Before he left office on December 1, Mexican president Vicente Fox lauded big strides against authoritarianism and intolerance during his 6-year administration. Besieged by murder, violence and intimidation, many Mexican journalists are wondering what country Fox was talking about in his homilies.

“We are up to our ears hearing how freedom of the press was one of the great accomplishments,” wrote Veracruz state’s Mundo de Cordoba newspaper in a recent editorial. “In reality, what was gained was to put us in the dishonorable first place position on the list of the most dangerous countries in the Americas to exercise journalism.” Nine Mexican and foreign journalists have been murdered in Mexico so far this year, six of them since October. Three other Mexican journalists have disappeared in 2006.

El Mundo’s “Law of the Jungle” editorial followed death threats against two journalists employed by the newspaper: photographer Saul Contreras and reporter Rafael Saavedra. On separate occasions, both men were recently the targets of threats presumably because of their investigations about organized crime. Contreras complained of being the victim of pointed death threats by gun-toting men in Suburban and sedan vehicles who pulled alongside him on a Cordoba street earlier this month and shouted, “Right now, you’re going to die, you son-of-a-bitch!” Heavy passing traffic at the time of the incident may have saved the photographer’s life.

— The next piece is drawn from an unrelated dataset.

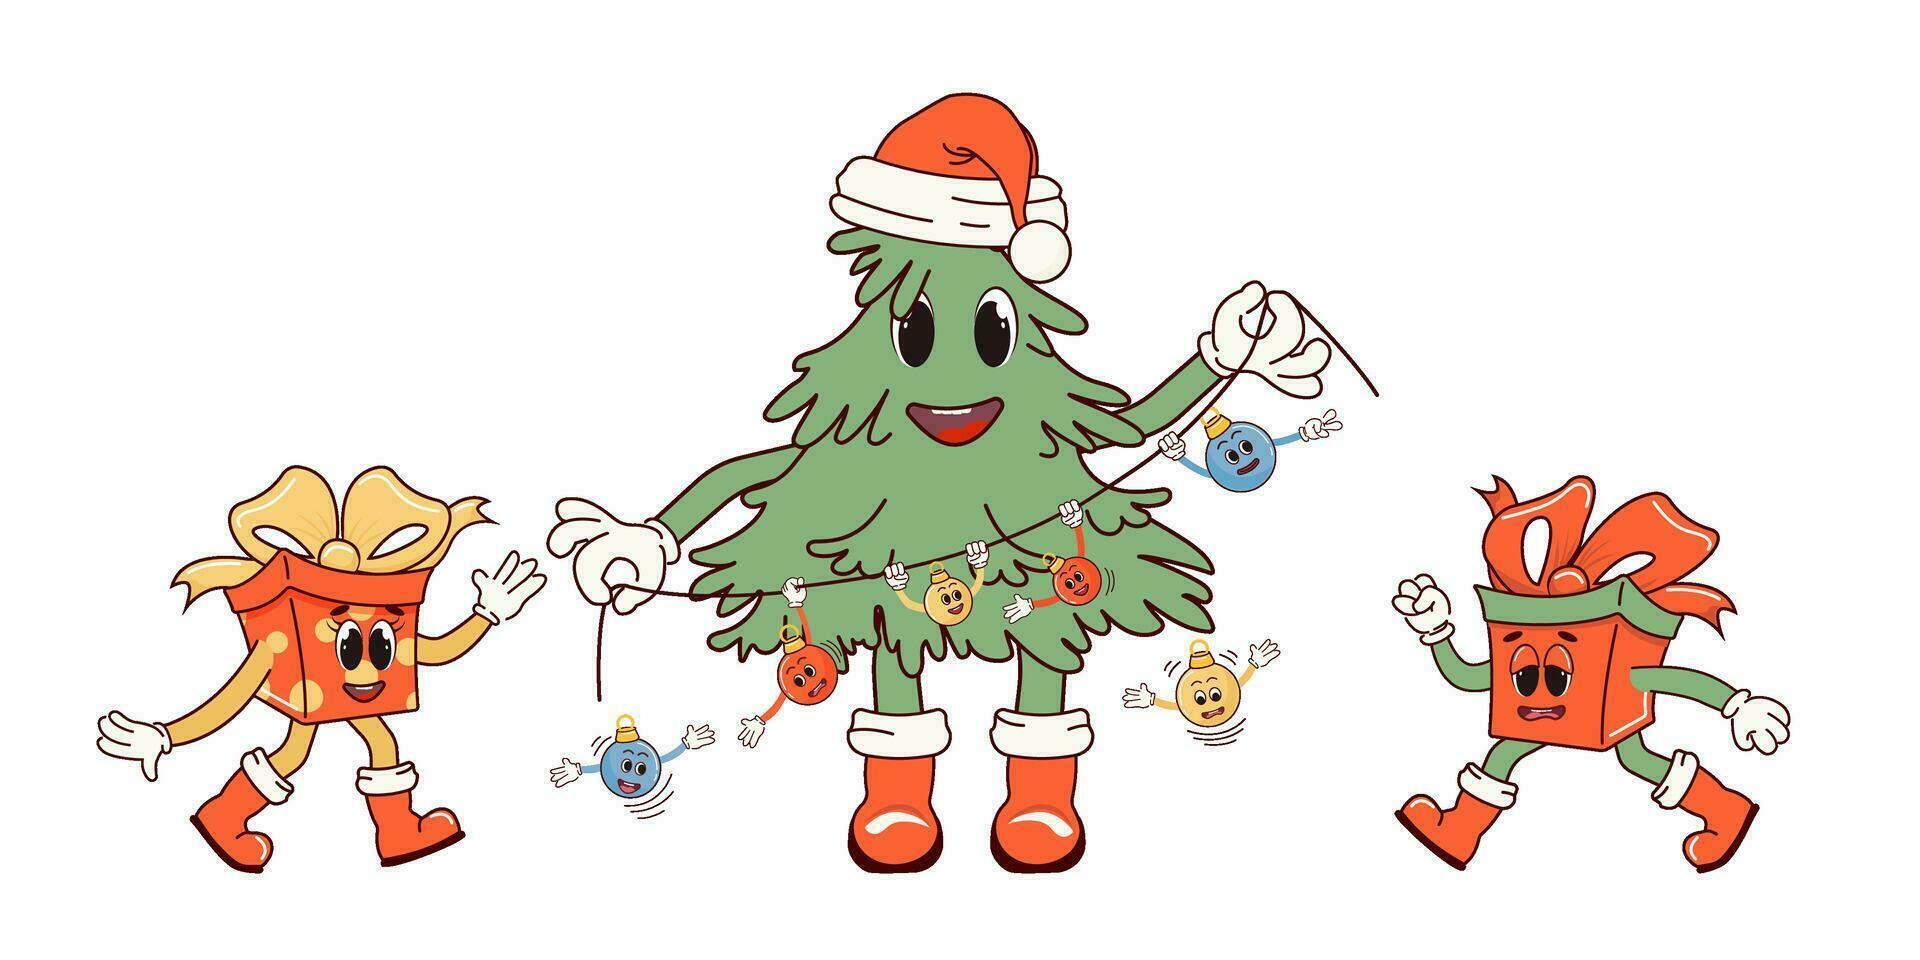 vrolijk, vrolijk geschenk dozen en Kerstmis boom. retro karakter in tekenfilm modieus groovy stijl. de atmosfeer is van de Jaren 60 en jaren 70. vrolijk Kerstmis en gelukkig nieuw jaar. vector

In light of the November 28 murder of Adolfo Sanchez Guzman, the former Televisa correspondent in Orizaba, Veracruz, Contreras and Saavedra did not consider their experiences idle threats and quickly filed legal charges with the local district attorney against “whomever is responsible.” Two men have been arrested in the Sanchez murder, which authorities deny happened because of Sanchez’s journalistic activities.

Embroiled in political conflict, Oaxaca state continues being an especially dangerous place for freedom of expression. On December 8, indigenous columnist and attorney Raul Marcial Perez of El Grafico newspaper was gunned down by assailants in a murder which was rapidly condemned by the Paris-based Reporters without Borders. A former indigenous activist leader, Marcial was a prominent critic of the administration of Governor Ulises Ruiz.“Raul was very critical of Ulises Ruiz’s government,” said Issac Olmedo, El Grafico’s director. “Lately, he devoted the majority of his columns to the social movements in Oaxaca, and cited the names of those responsible for the conflict.”

In an apparently unrelated incident the day after Marcial Perez’s murder, an unnamed reporter for the El Imparcial newspaper in Oaxaca City was allegedly beaten by state judicial policemen after he attempted to interview State Judicial Police Director Manuel Moreno. Meanwhile, Graciela Atencio, an Argentine national who once worked as an editor for the Ciudad Juarez daily Norte,recently denounced that she was threatened with deportation from Mexico after taking a stand about events in Oaxaca. The veteran communicator and women’s activist accused the chief of the state-run Oaxaca Women’s Institute of issuing the threat after Atencio resigned from the government agency to protest the occupation of Oaxaca City by the Federal Preventive Police.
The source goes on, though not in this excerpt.